Дистанционная программа. Новосаратовка
Вы хотите отреагировать на этот пост ? Создайте аккаунт всего в несколько кликов или войдите на форум.

Душепопечительство А. Хабаров

Перейти вниз

Душепопечительство А. Хабаров Empty Душепопечительство А. Хабаров

Сообщение автор Алексей Хабаров Пт Фев 23, 2018 11:34 pm

Душепопечительство
Мне понравилось то, как составлен данный материал и то, какие проблемы, связанные с душепопечительством в нём поднимаются автором. Поскольку, безусловно, в общем и целом в современном мире крайне сложно определить, что же такое «душа», как к ней относиться и т.д., то вполне естественно, что христианский автор старается опираться на библейский текст, который помогает ему избежать различного рода мистификаций и спекуляций на эту тему. С другой стороны очень важно, что в своей работе он использует язык, методы и примеры из психологии и психотерапии, а также не упускает из виду социальный, исторический и культурный аспекты.

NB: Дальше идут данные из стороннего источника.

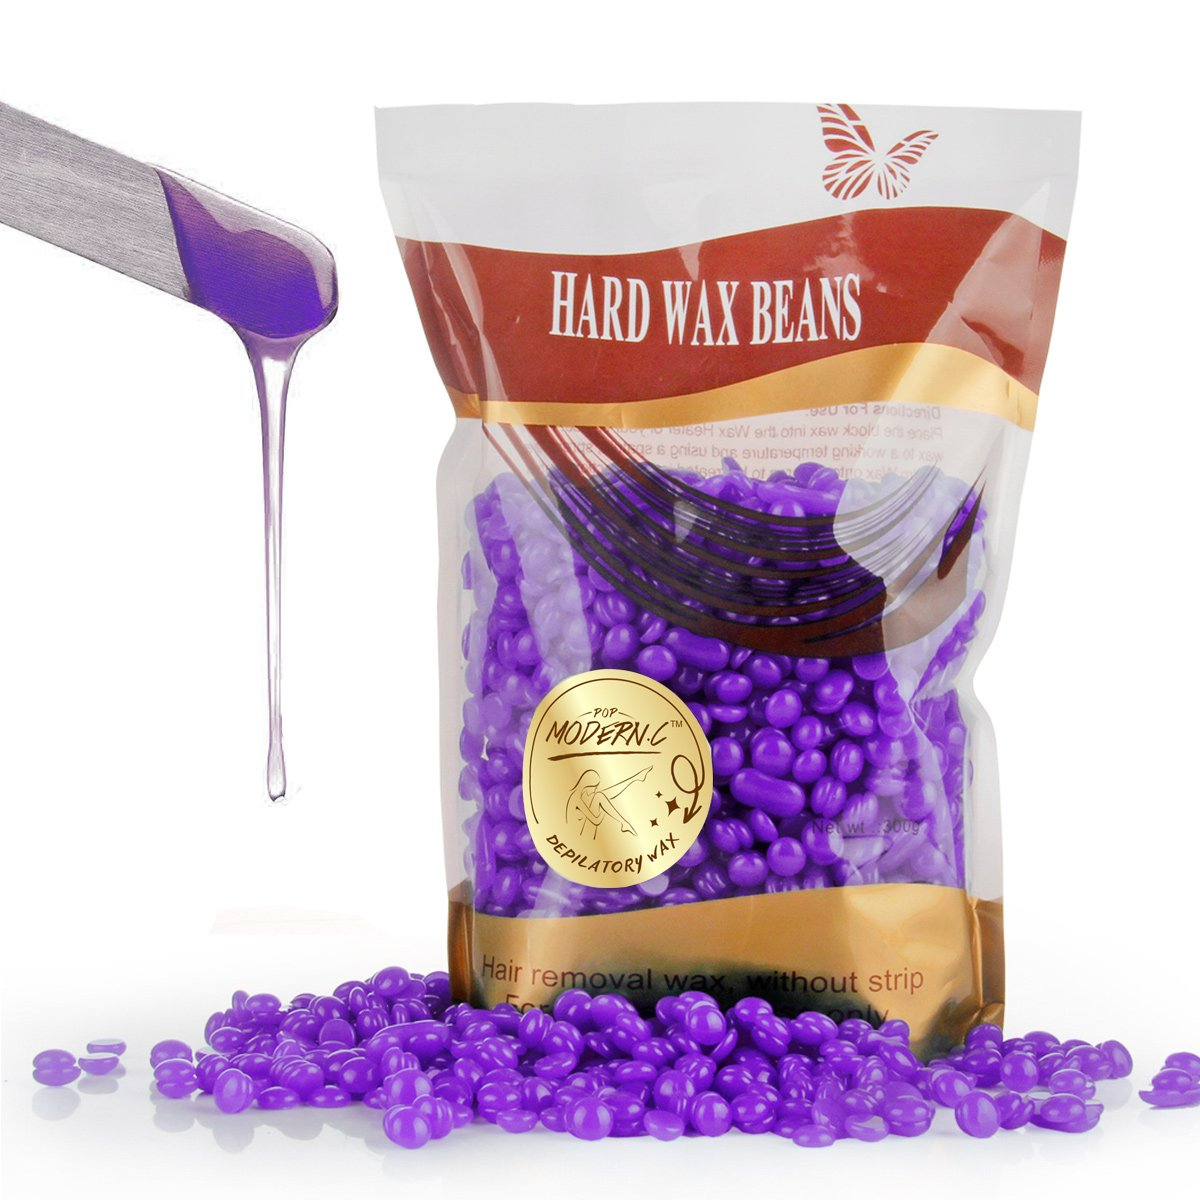 Wax Bean Hair Removal Brazilian Pearl DepilatoryWaxing Beads for Men Women Chest Face Body BikiniArm Leg Armpits Hair Removal 300G (10.6oz) (Lavender)
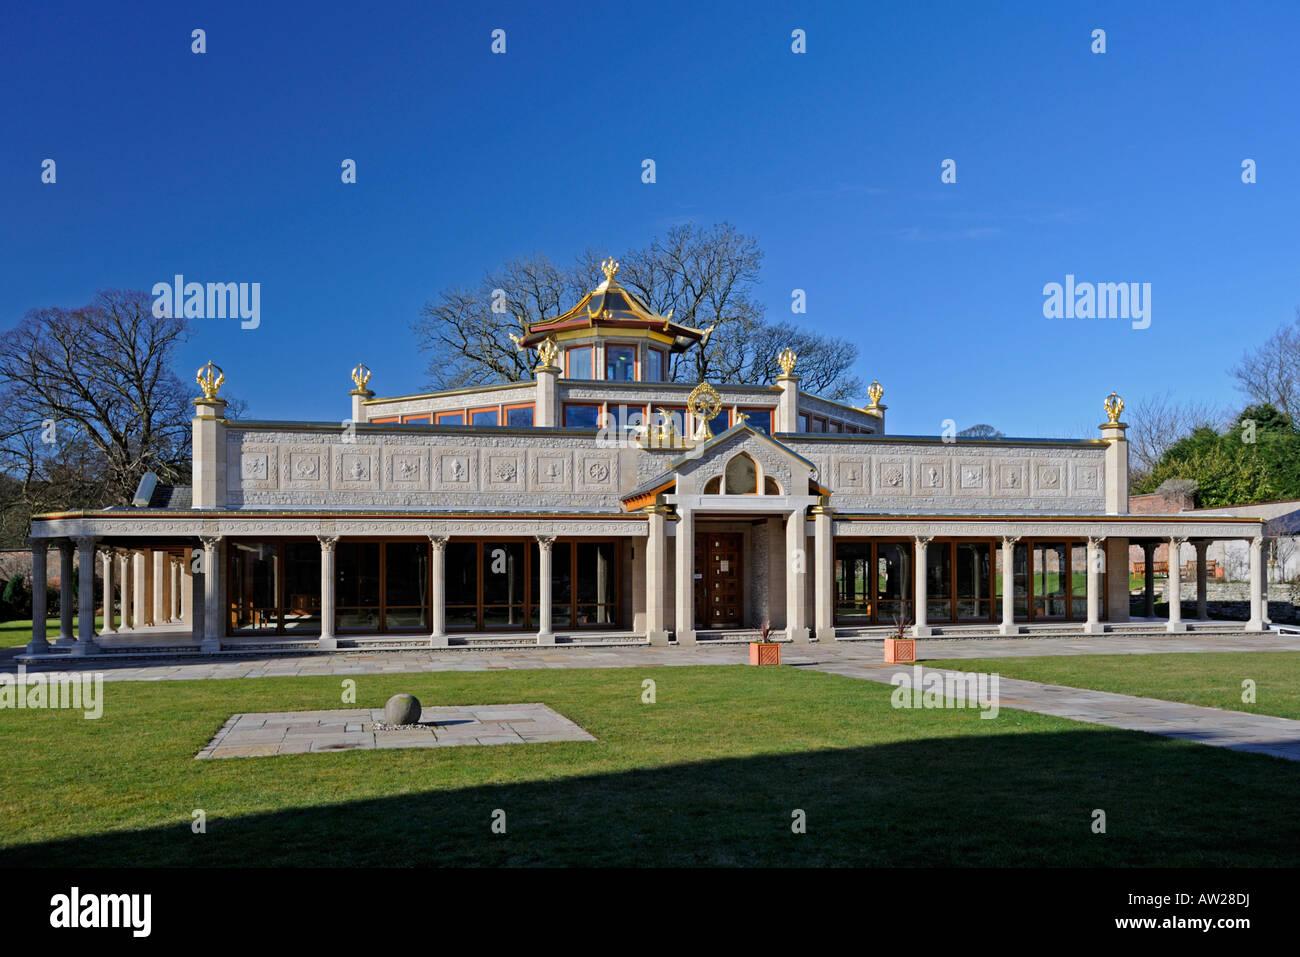 manjushri-kadampa-peace-temple-buddhism-meditation-centre-conishead-AW28DJ.jpg

Как теолог и библеист для себя я сразу отметил очень важное замечание, которое приводит автор, говоря о том, что «для душепопечительской работы с помощью Библии необходимо герменевтическое сознание», а также, что «необходимое уважение к критико-историческому толкованию не должно привести к отказу от библейского языка в душепопечительстве, но должно вдохновить к его взвешенному использованию». Прежде всего, это расставляет правильные акценты, касаемо принципа Sola Scriptura, который очень часто понимают неправильно, в отрыве от остальных четырёх лютеранских принципов. К тому же это замечание требует от душепопечителей корректного понимания христианской теологии, определённого знания достижений современной библеистики, а также углубления и самосовершенствования в этих областях, ради дела данного им служения.

Я согласен с автором и в том, что необходимо не отрываться от современной действительности с её проблемами и вызовами, и не пытаться, во что бы то ни стало, «воссоздать душепопечительскую практику Иисуса или Апостолов», но стараться «распознать коммуникативные структуры, которые имеют много общего с тем, что мы понимаем сегодня под душепопечительством».

Очень хорошо представлен автором раздел, касающийся истории душепопечительства и понимания в разное время того, каким оно должно быть и на что, в первую очередь, должно быть направлено.

Верны, на мой взгляд, и замечания, касающиеся восточной традиции отшельничества, а именно то, что «у отцов-пустынников отдельный человек становится объектом внимания как партнер душепопечительского действия». Во многом подобный подход опередил возникший, спустя более полтора тысячелетия, психоанализ. Но более важно даже не это, а то, что уже тогда был совершён переход к индивидуальному осознанию человеком себя как личности, что, в целом явленно и в Новом Завете, конечно. Важно и то, что автор отмечает, что «между душепопечительской традицией отцов-пустынников и уставом Кассиана – несмотря на большое тематическое сходство – пролегают целые миры». Я бы лишь добавил, что необходимо также различать и самих отцов-пустынников, с их теологическими воззрениями, практиками и проч., поскольку нередко это может соответствовать не столько духу Иисуса, сколько духу Иоанна Крестителя.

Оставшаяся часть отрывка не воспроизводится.